The gist: A consistent schedule plus verbal and physical reassurance help your baby learn to fall asleep (and fall back asleep) on his own.

 

Why it's right for you:

  • Your baby eventually manages to settle down without much intervention from you.
  • You want the flexibility to soothe if you choose.
  • Your baby seems to like consistency.

How to pull it off: Starting the same time every night, use a 20-minute bedtime routine - a warm bath, a comforting story, dimmed lights, soft music - to signal that it's time to settle down and go to sleep.
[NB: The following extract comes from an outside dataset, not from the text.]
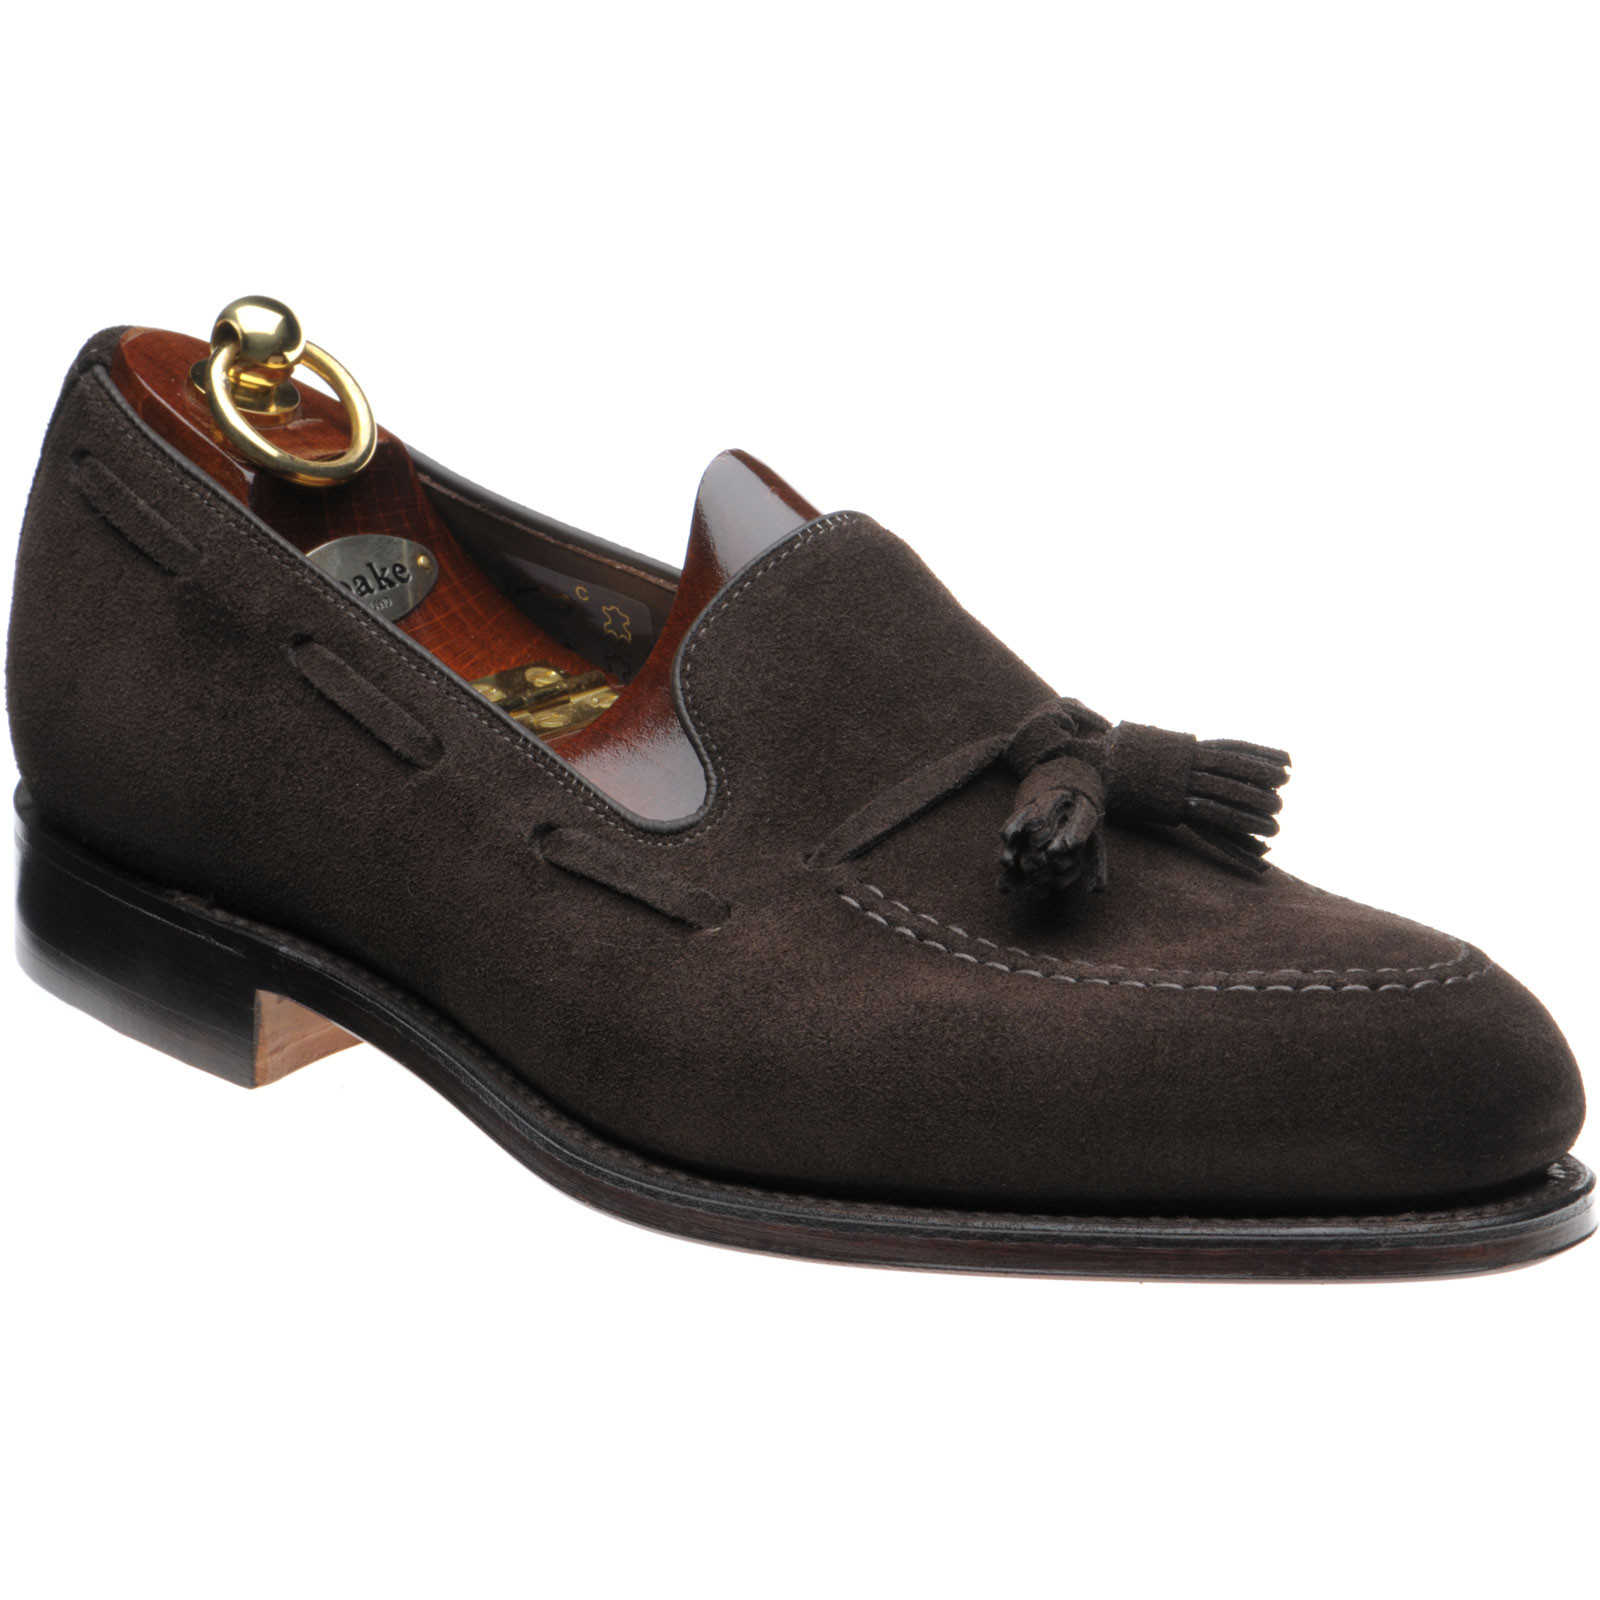 Loake shoes | Loake 1880 Classic | Russell tasselled loafers in Choc ...

When it's time for bed, put your baby in his crib while he's drowsy, and then leave him to fall asleep on his own. You can look in on him and soothe him with your voice if he's crying, but avoid picking him up. This will condition him to drift off on his own so that he'll eventually learn to fall back asleep when he awakens during the night. Until then, feel free to respond to his cries as you normally would at night (by nursing or rocking him, say). "It can take up to a week for your baby to get it," says Jodi Mindell, Ph.D., associate director of the Sleep Center at Children's Hospital of Philadelphia and author of Sleeping Through the Night: How Infants, Toddlers, and Their Parents Can Get a Good Night's Sleep. "But within two weeks of a baby's falling asleep easily at bedtime, he's likely to start sleeping through the night." After he's able to fall asleep on his own at bedtime and sleep through the night, you can start working on naps in the same way.

What moms say: "The consistency of this method was the secret to our success," says Philadelphia mom Lysa Puma, mom of Madaline. "We start with a bath. Once she's in her pj's, we dim the lights and read two books, Goodnight Moon and Maybe, My Baby. When I put her in her crib, I sing a song and say a list of people who love her. On nights when she's very fussy, we add music."